Based on his 1998 play, Lodge's novella is, in truth, little more than a slim script with some rather full stage directions. It's mildly diverting trying to pin down "educated estuary" Fanny to aspects of Lynn Barber and Julie Burchill, and there are a few thoughtful observations on the art of interview and "the culture of gossip", but what makes this of more than passing interest is its early treatment of the real news story of summer 1997--Diana and Dodi.
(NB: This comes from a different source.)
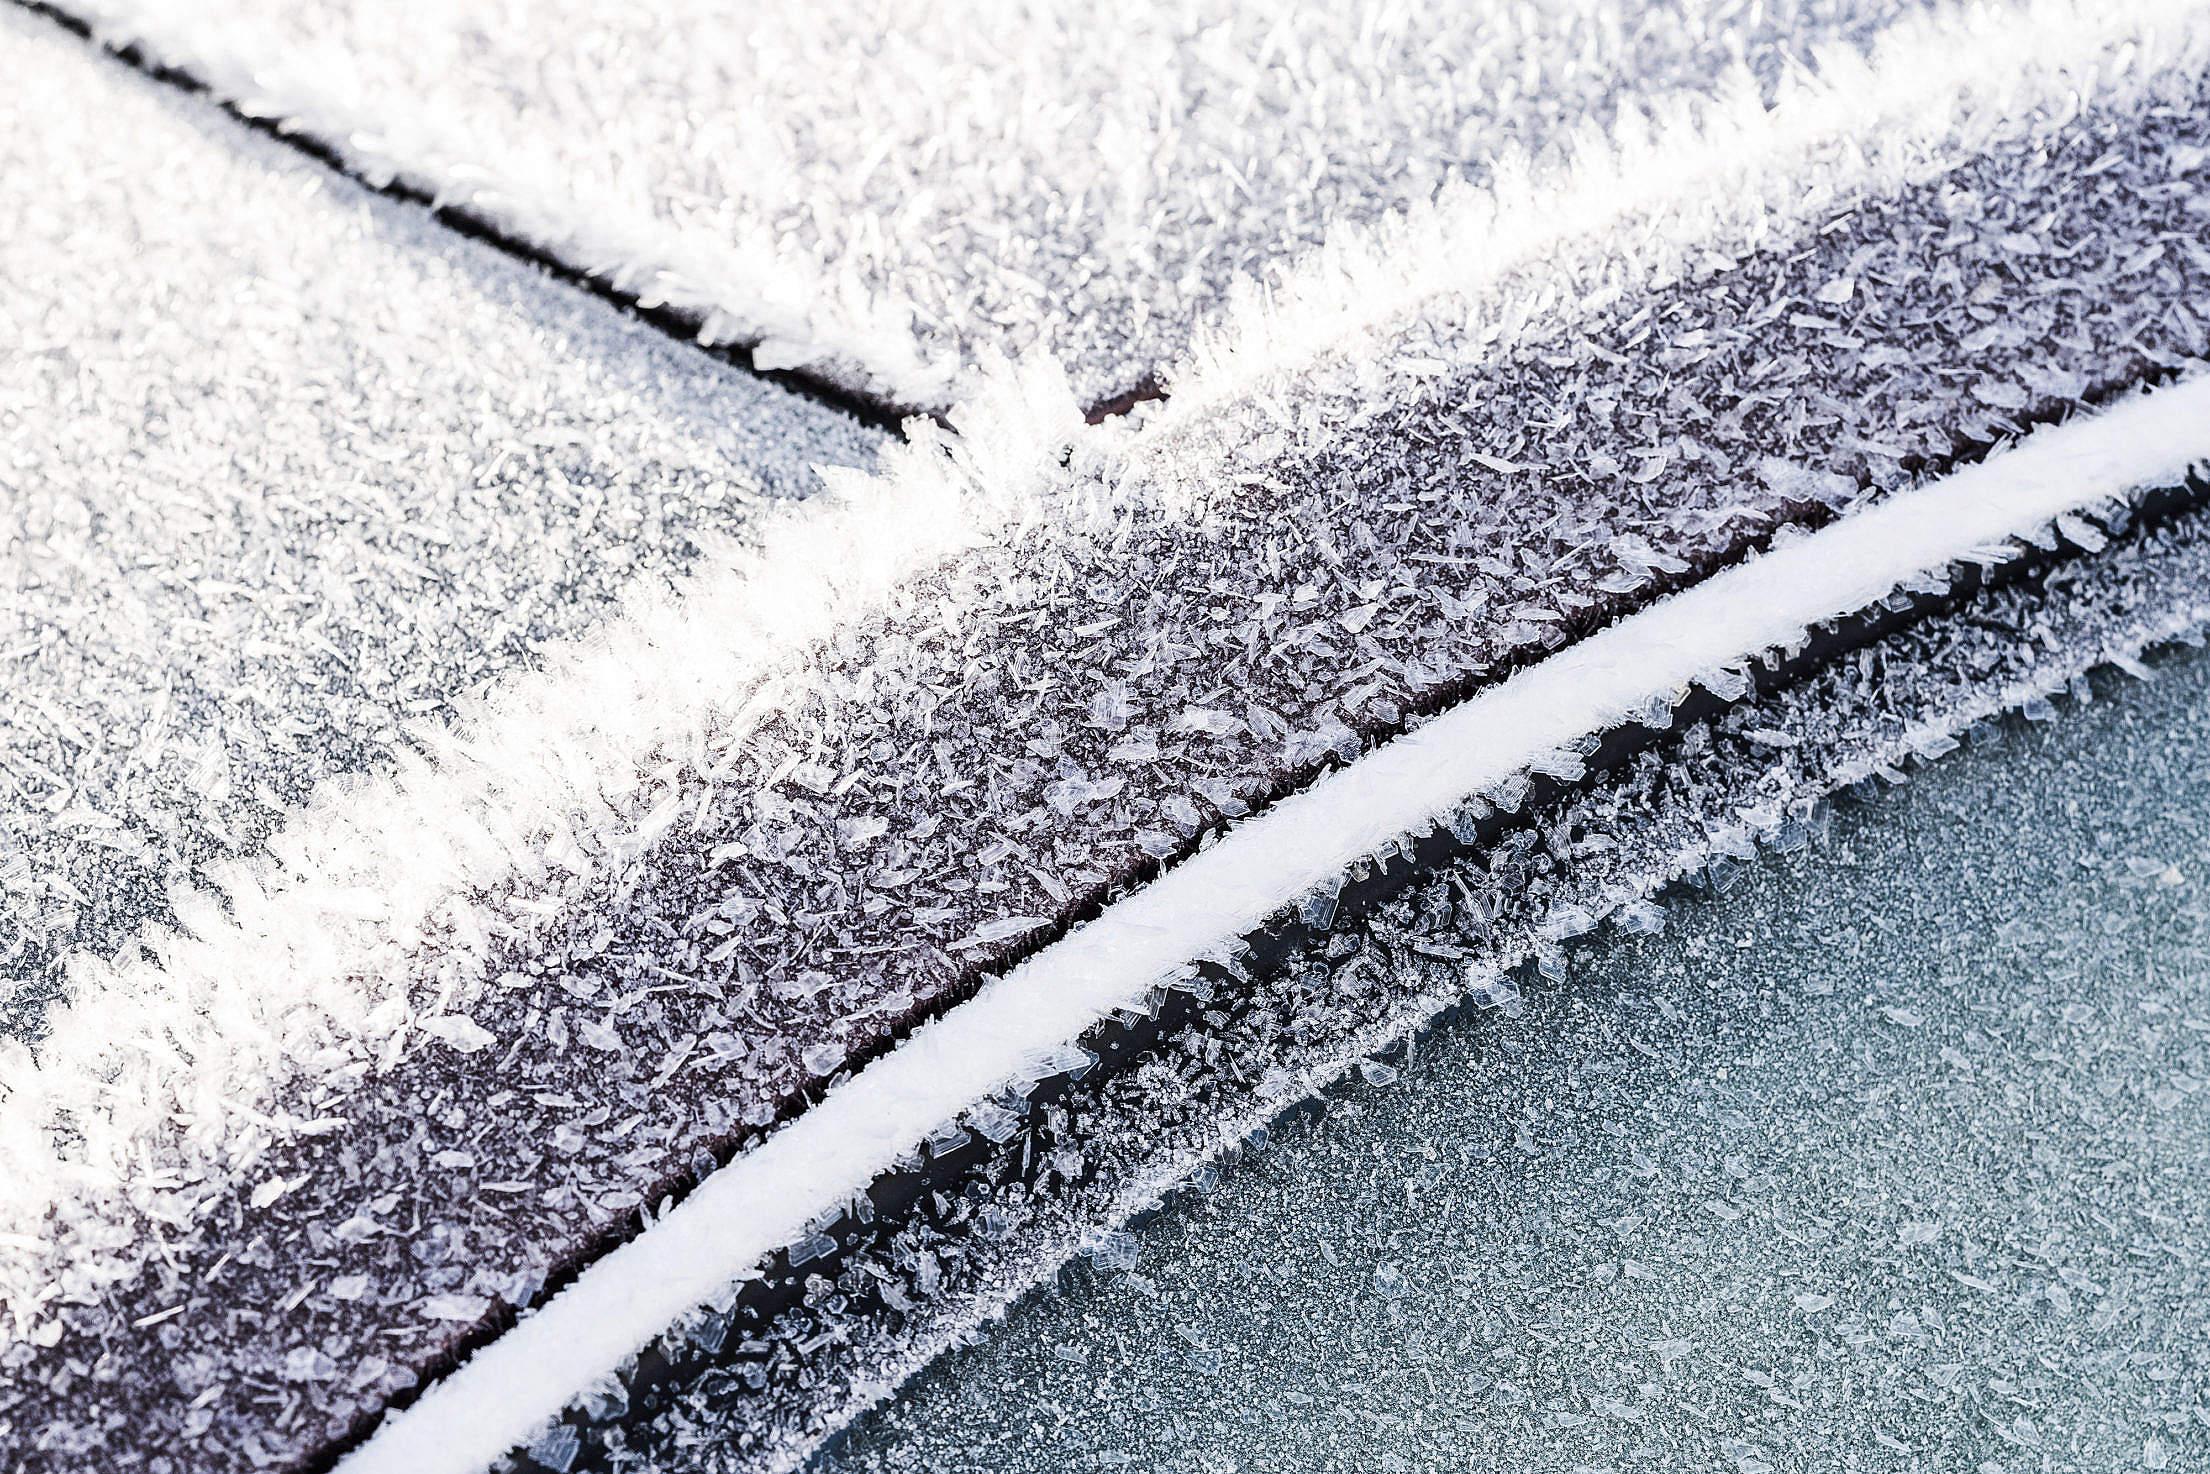 Frozen Car Windows and Doors Close Up Free Stock Photo

That inevitably makes Home Truths impossibly dated, but it also provides its most telling statement on the fleeting phantom that is celebrity. --Alan Stewart
My titles
You may be puzzled to find two books available by me, both called "Home Truths", and both published in 1999 by Secker & Warburg. The explanation is as follows. In February 1998 I had a play called "Home Truths" premiered at the Birmingham Repertory Theatre. When Secker & Warburg published the text of this play a year later, several people in the media and the book trade assumed it was a work of prose fiction and seemed to lose interest when they discovered it wasn't. This made me think that it might be a good idea to turn the play into a short novel, in which form it could reach a lot of people who would never see it on the stage and might not be inclined to read the script of a play. Since the subject matter has a certain contemporary relevance, I decided that the sooner I did it the better. In the process I changed some things and added others. But it is essentially the same story, so I kept the original title, though with a new subtitle: "Home Truths: a novella".